## Given data

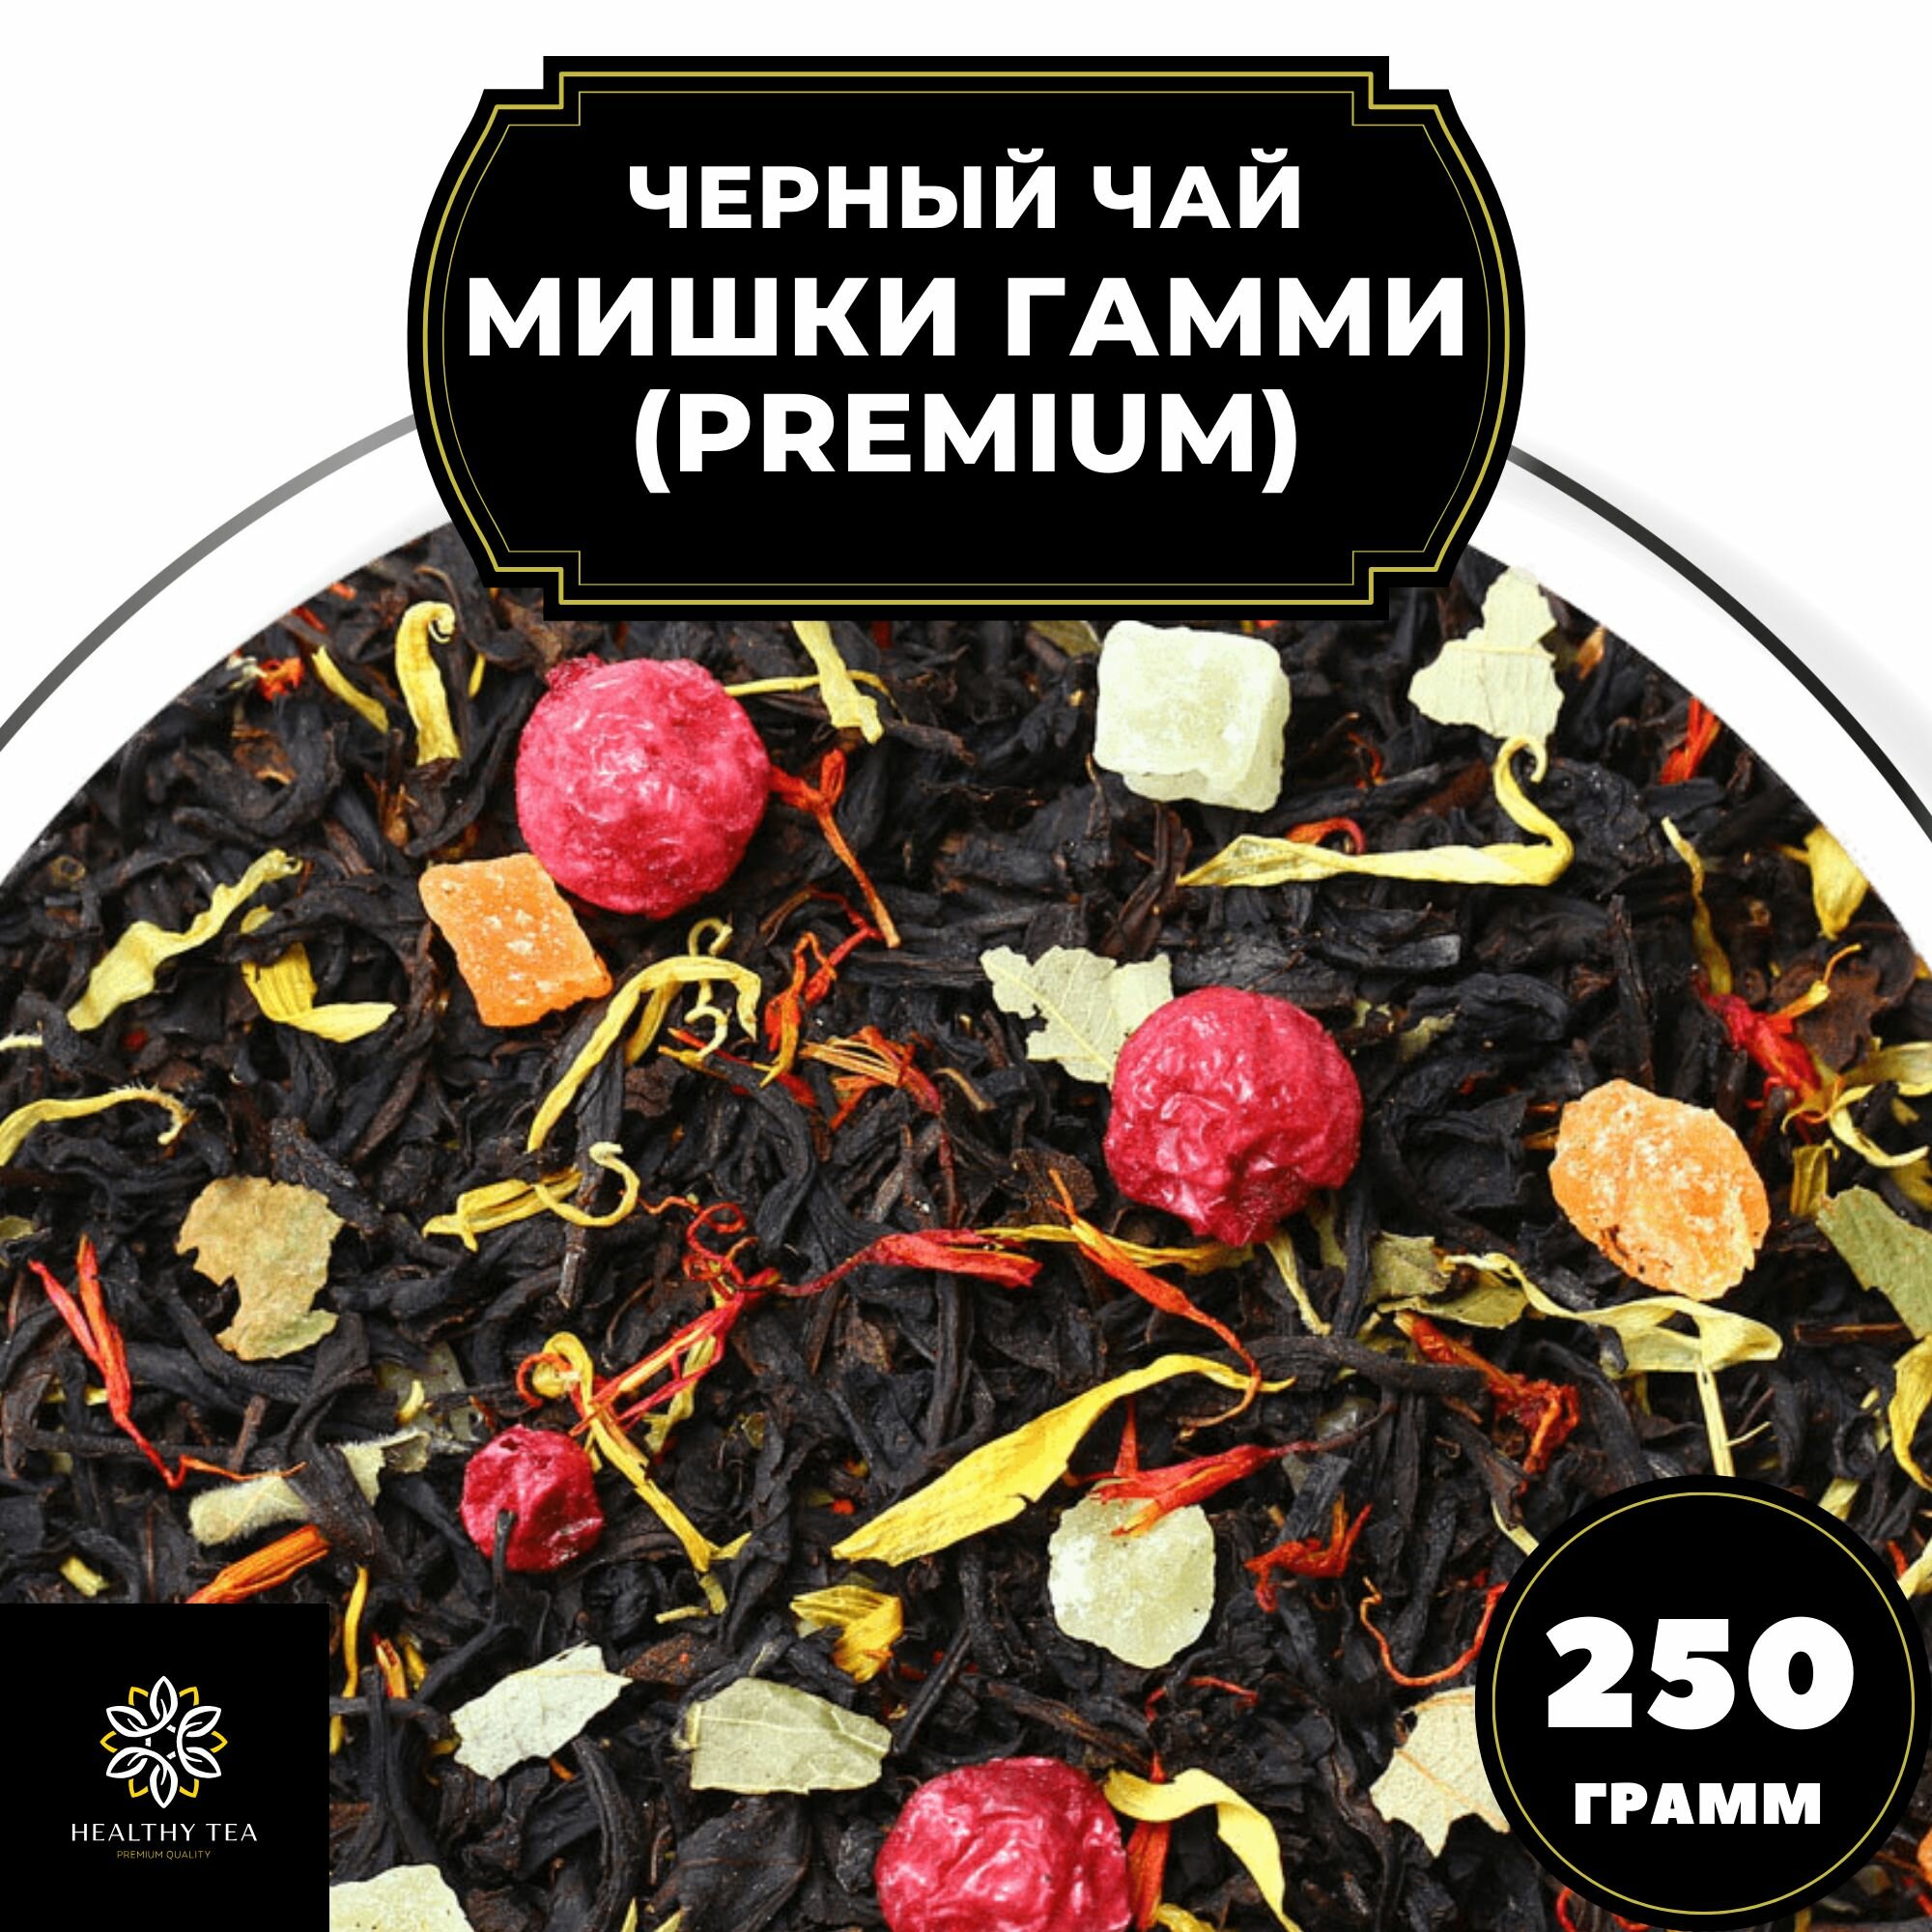 Цейлонский Черный чай с клубникой, ананасом и красной смородиной "Мишки Гамми" (Premium) Полезный чай / HEALTHY TEA, 250 гр
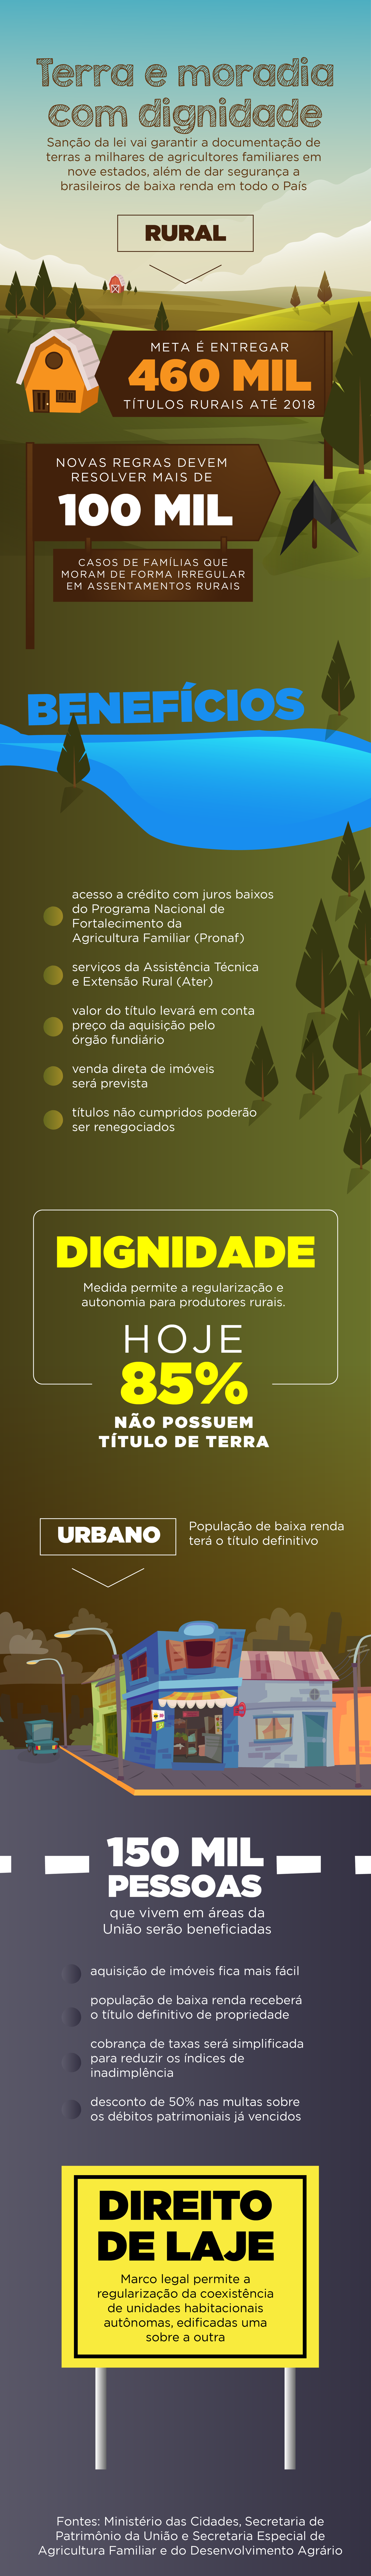 Portal Brasil
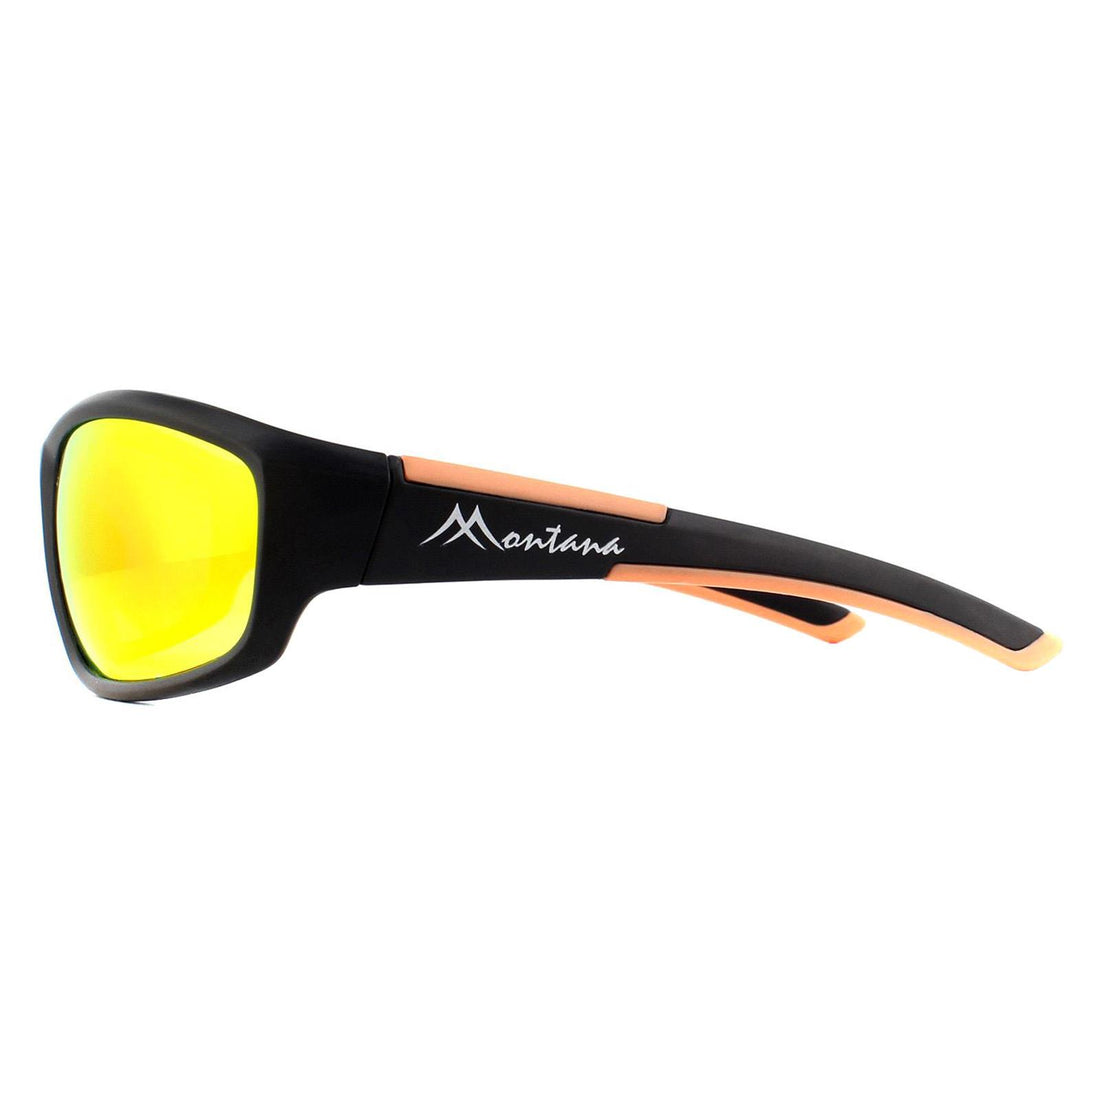 Montana SP311 Sunglasses

## How to complete this task
Please give the data above again in exact form and omit every picture.

## Solved exercise
 Цейлонский Черный чай с клубникой, ананасом и красной смородиной "Мишки Гамми" (Premium) Полезный чай / HEALTHY TEA, 250 гр
 Portal Brasil
 Montana SP311 Sunglasses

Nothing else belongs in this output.